BEGIN Source data
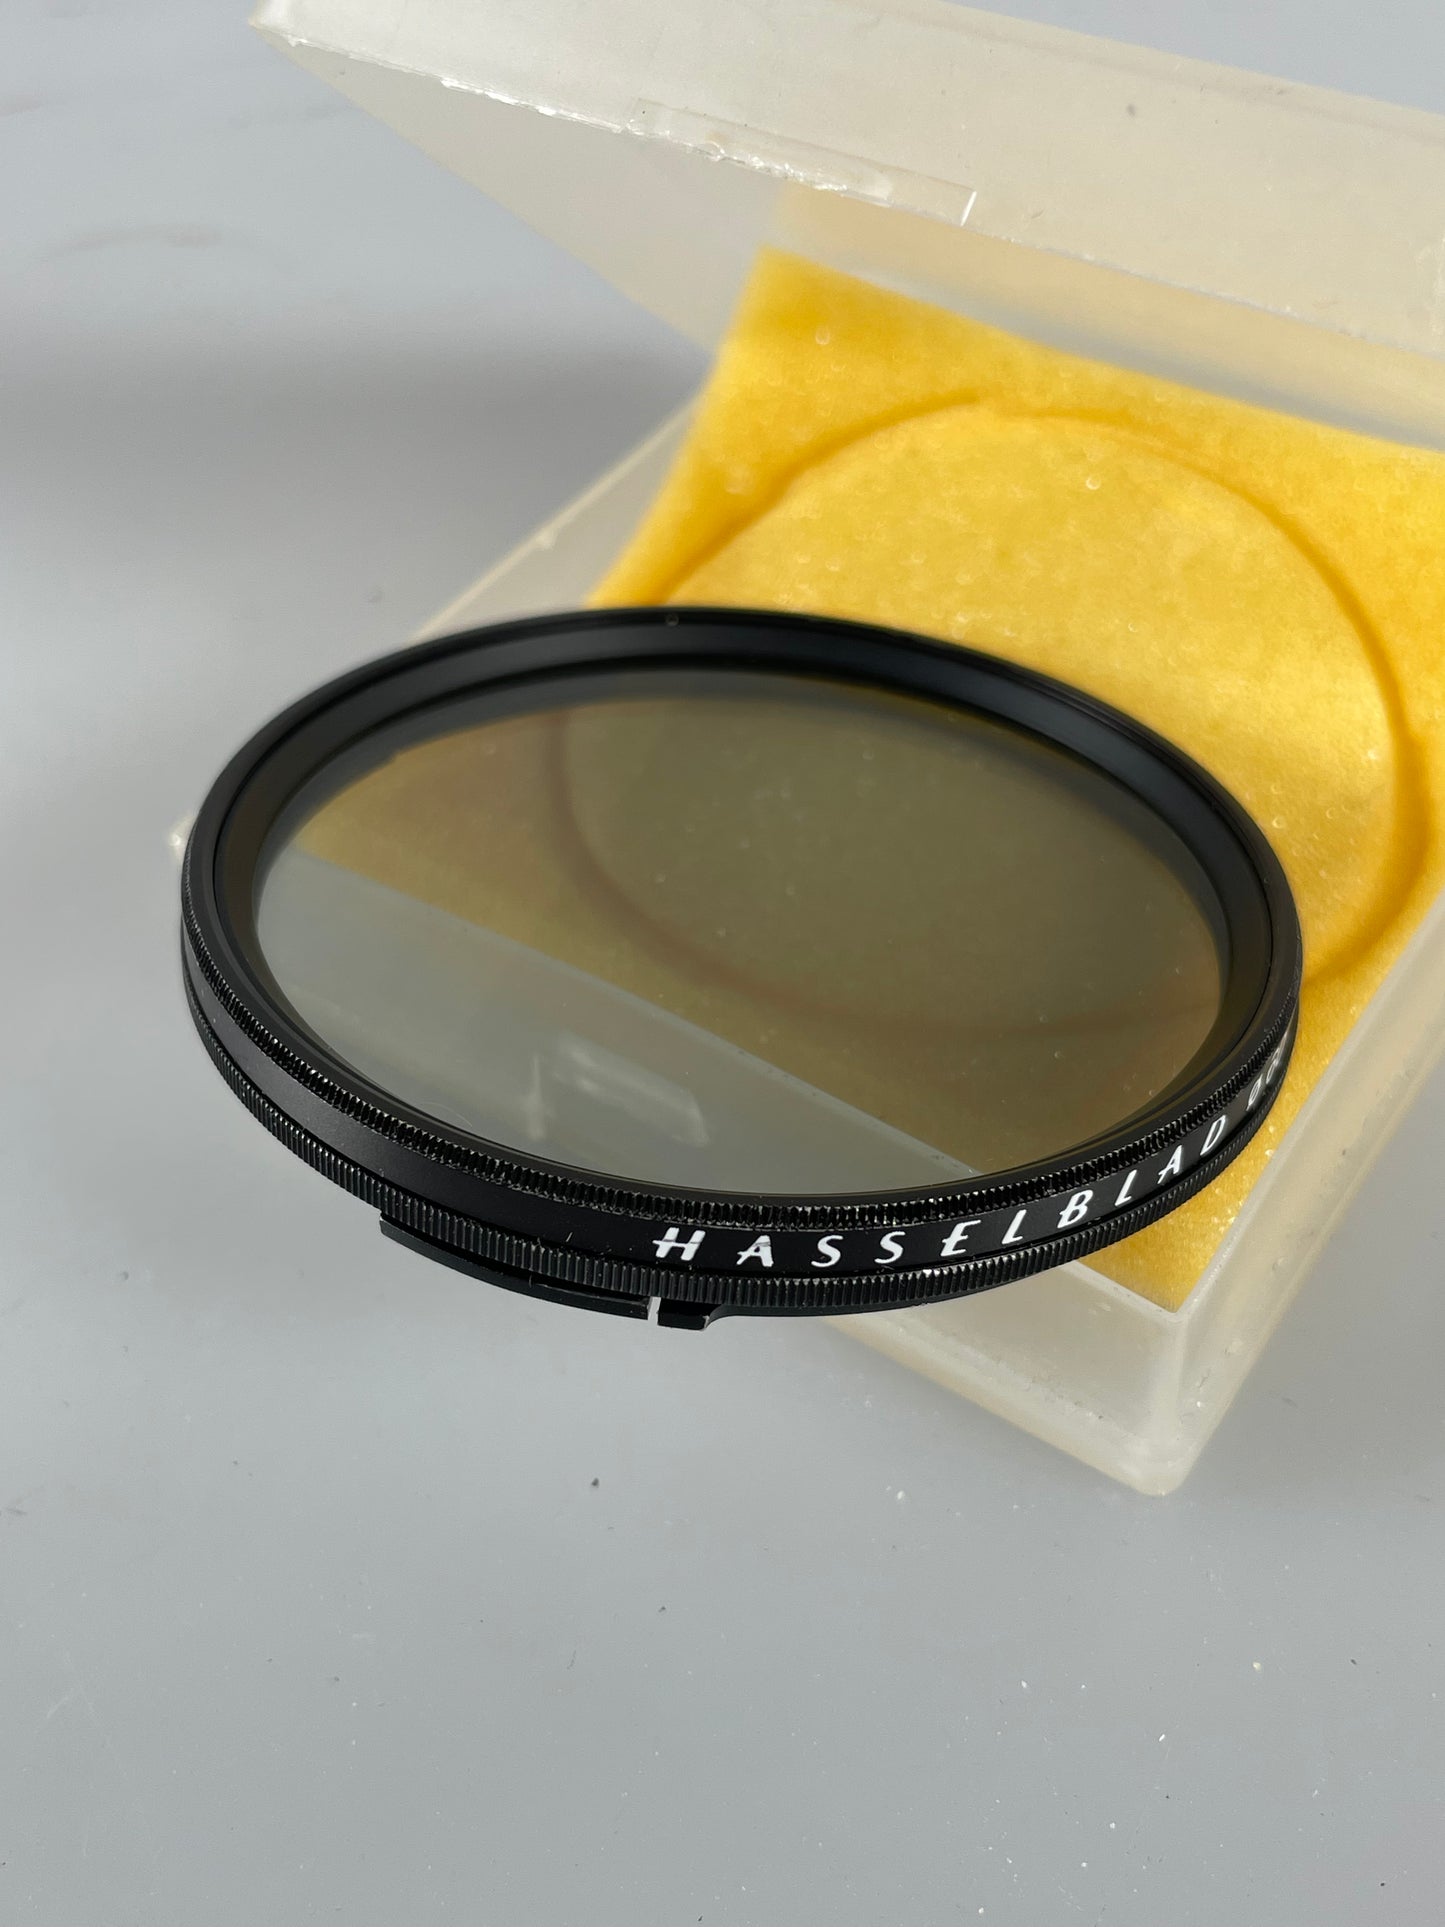 Hasselblad Bay 60 CF 3X PL -1.5 lin Polarizer Filter 51603
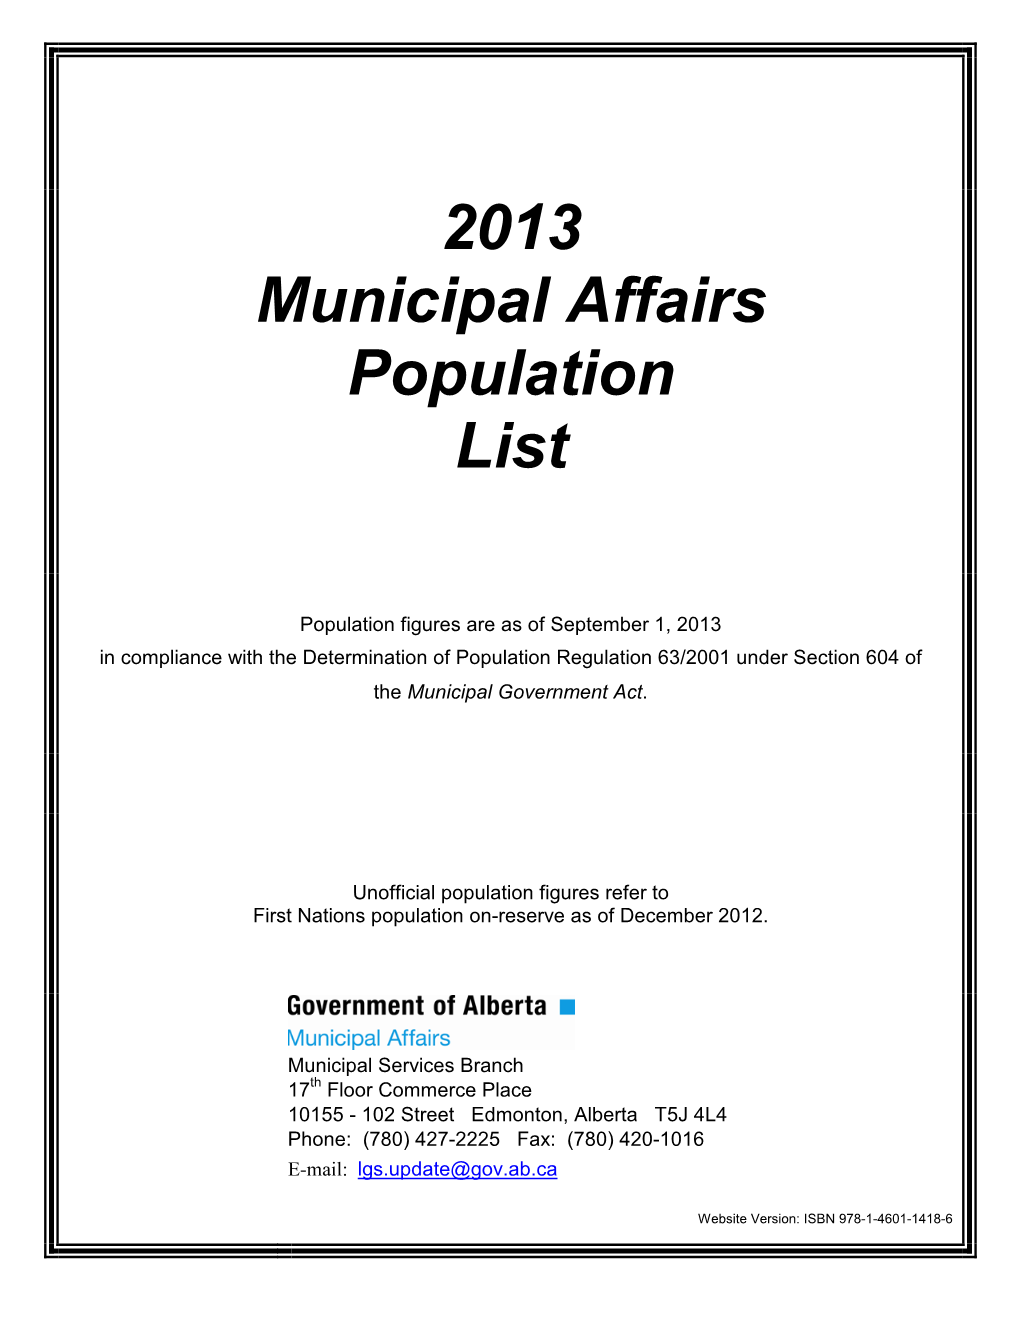 2013 Municipal Affairs Population List
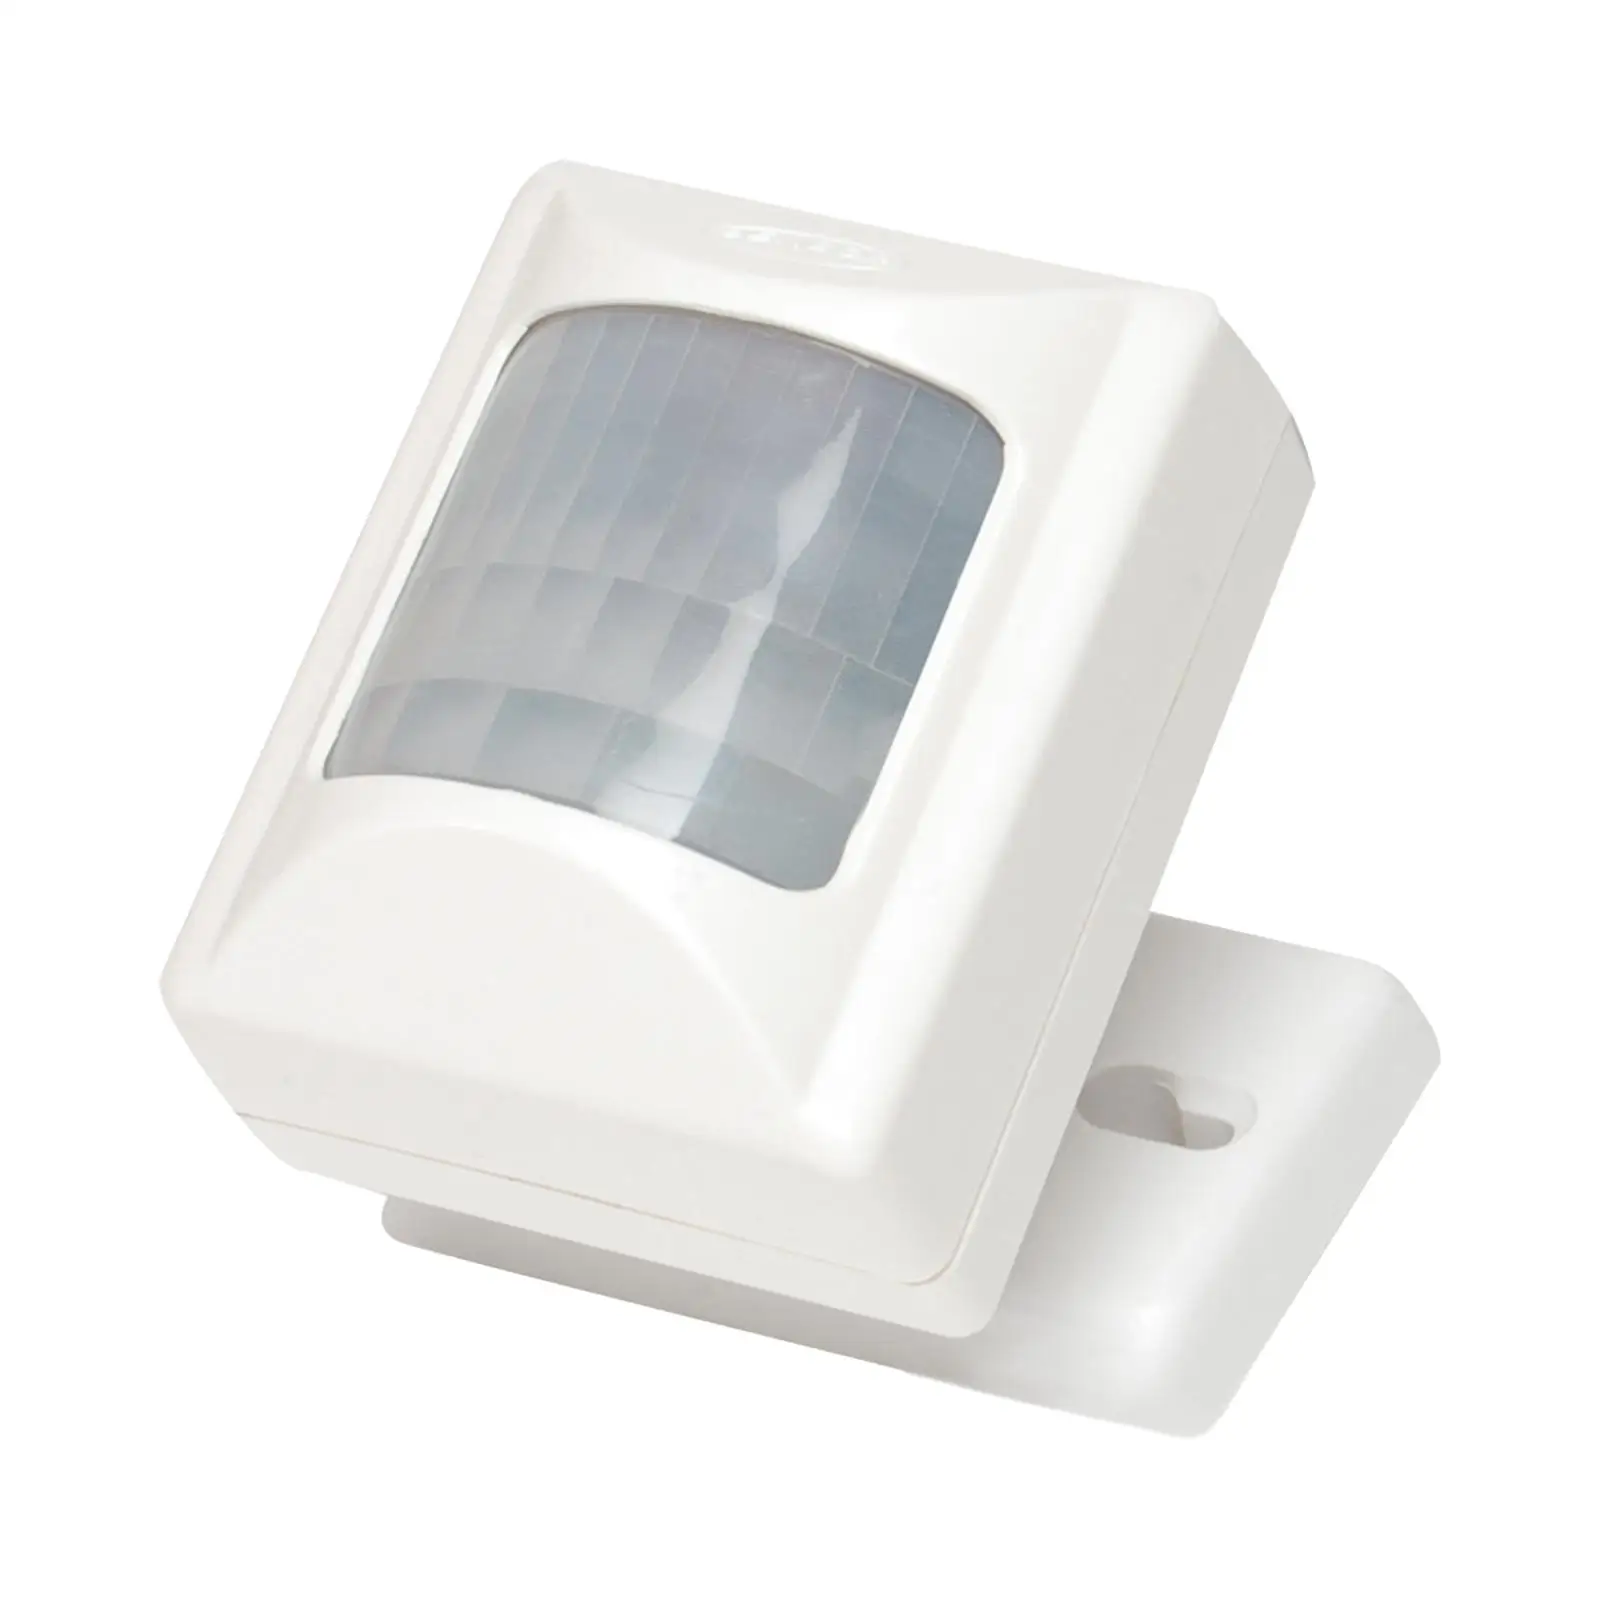 Automatic Electric Urinal Flush Valve Sensor Urinal Accessories Wall Mounted Urinal Sensor Waterproof for Toilet Bathroom
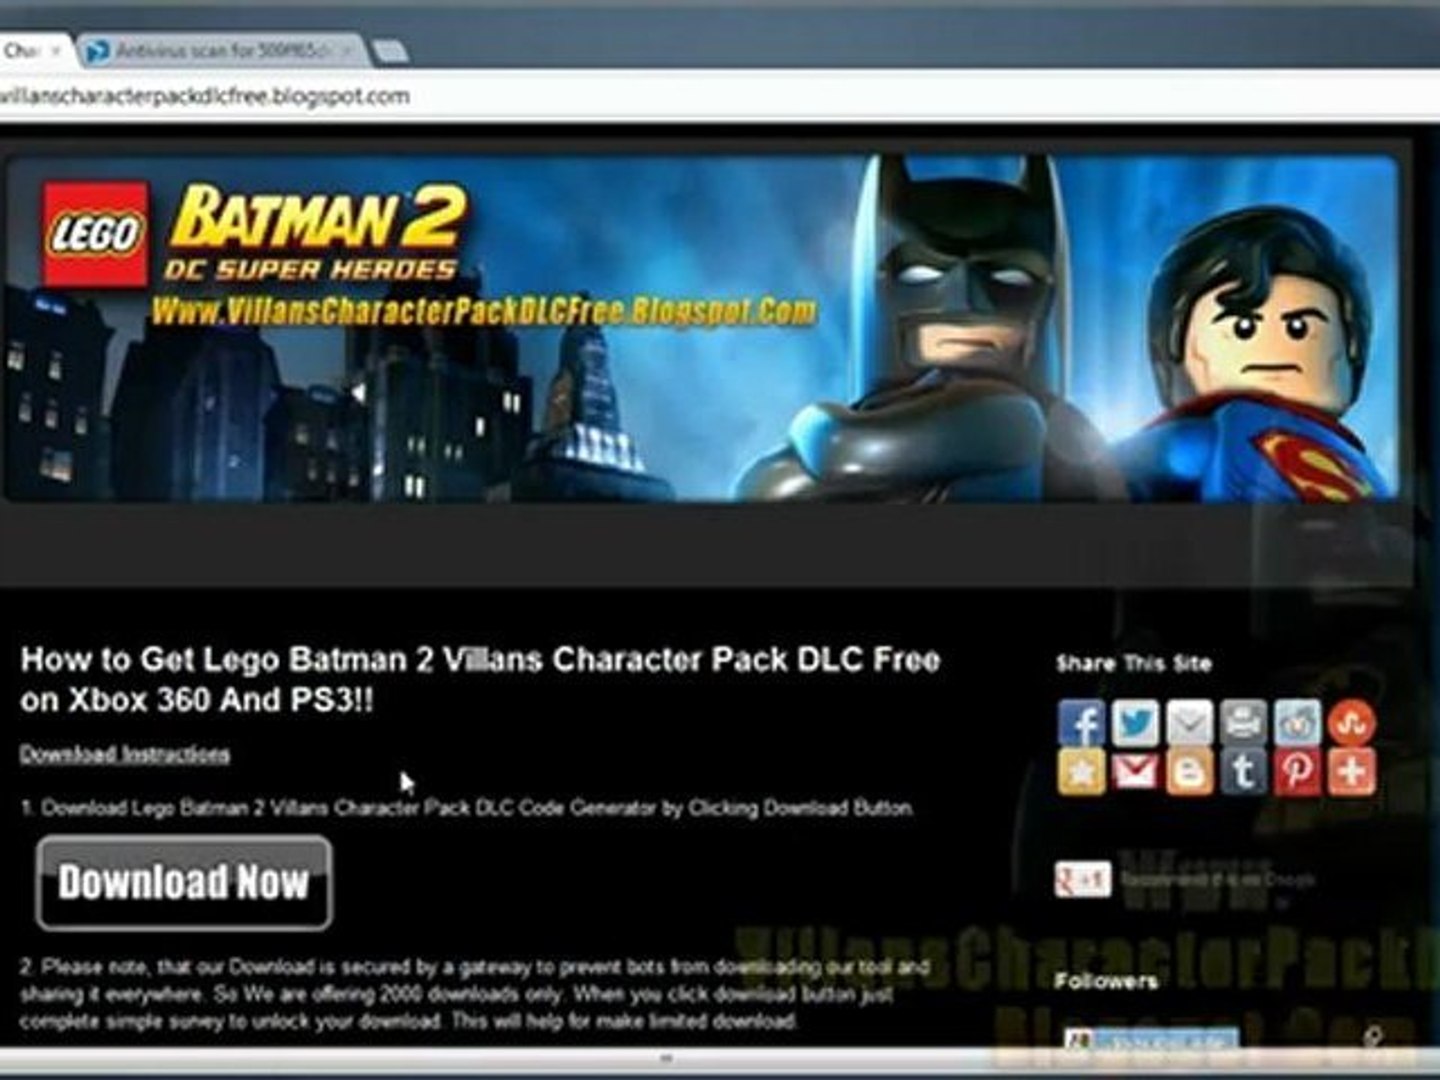 Lego Batman 2 Villans Character Pack DLC Codes - Free!! - video Dailymotion
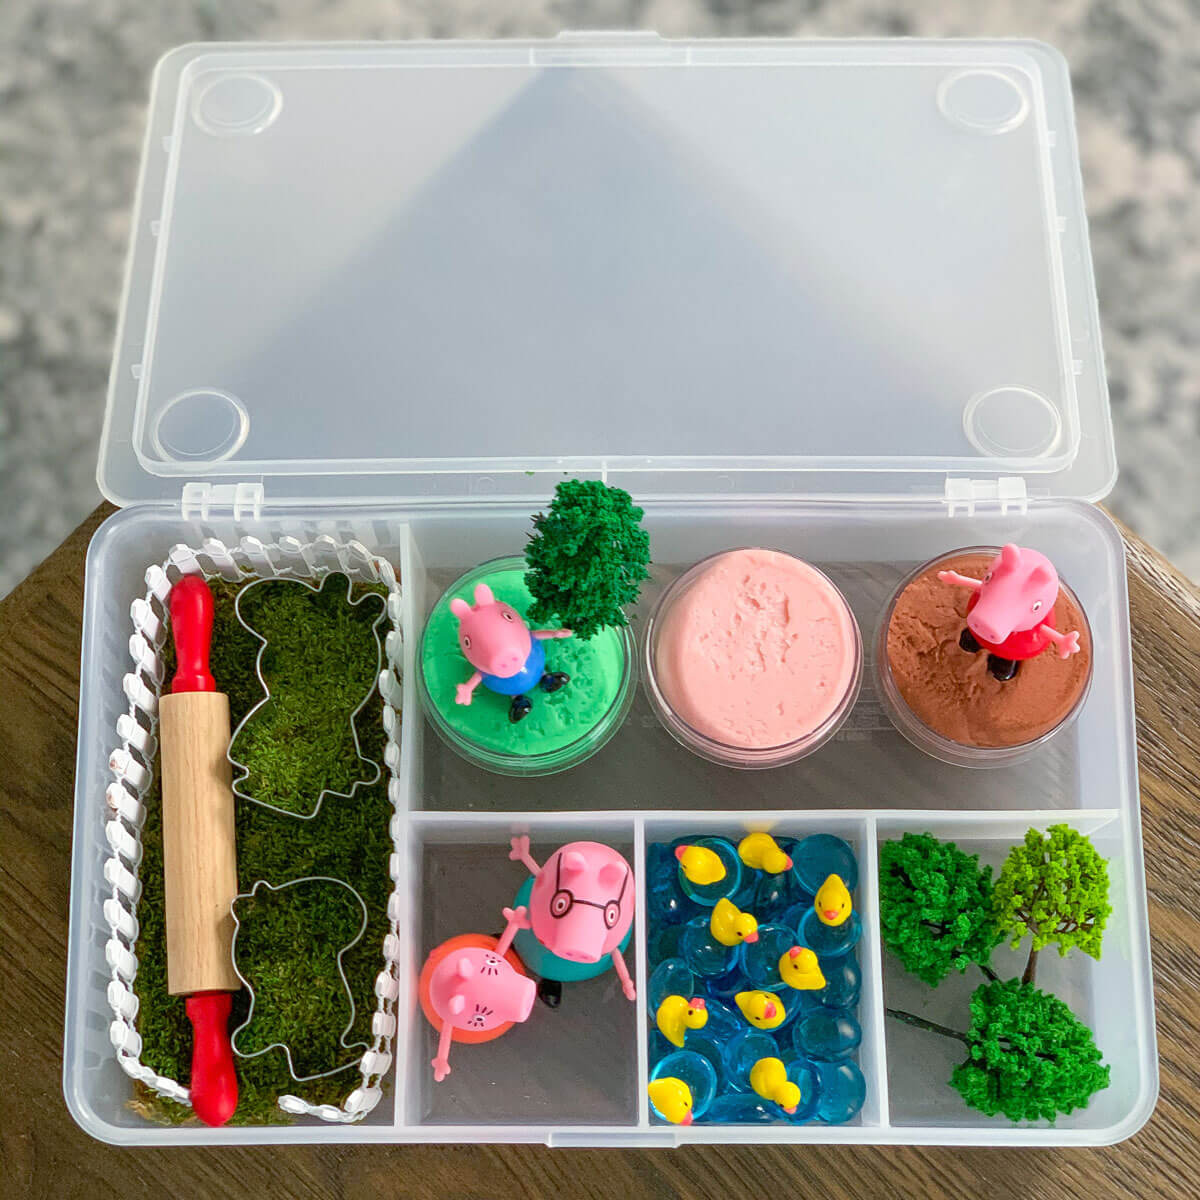 peppa pig activity for kids play dough kit sensory
END Source data
What you have to do
Nothing but the records above, exact and without pictures, should appear in the answer.

Answer box
 Hasselblad Bay 60 CF 3X PL -1.5 lin Polarizer Filter 51603
 2013 Municipal Affairs Population List
 Automatic Electric Urinal Flush Valve Sensor Urinal Accessories Wall Mounted Urinal Sensor Waterproof for Toilet Bathroom
 Lego Batman 2 Villans Character Pack DLC Codes - Free!! - video Dailymotion
 peppa pig activity for kids play dough kit sensory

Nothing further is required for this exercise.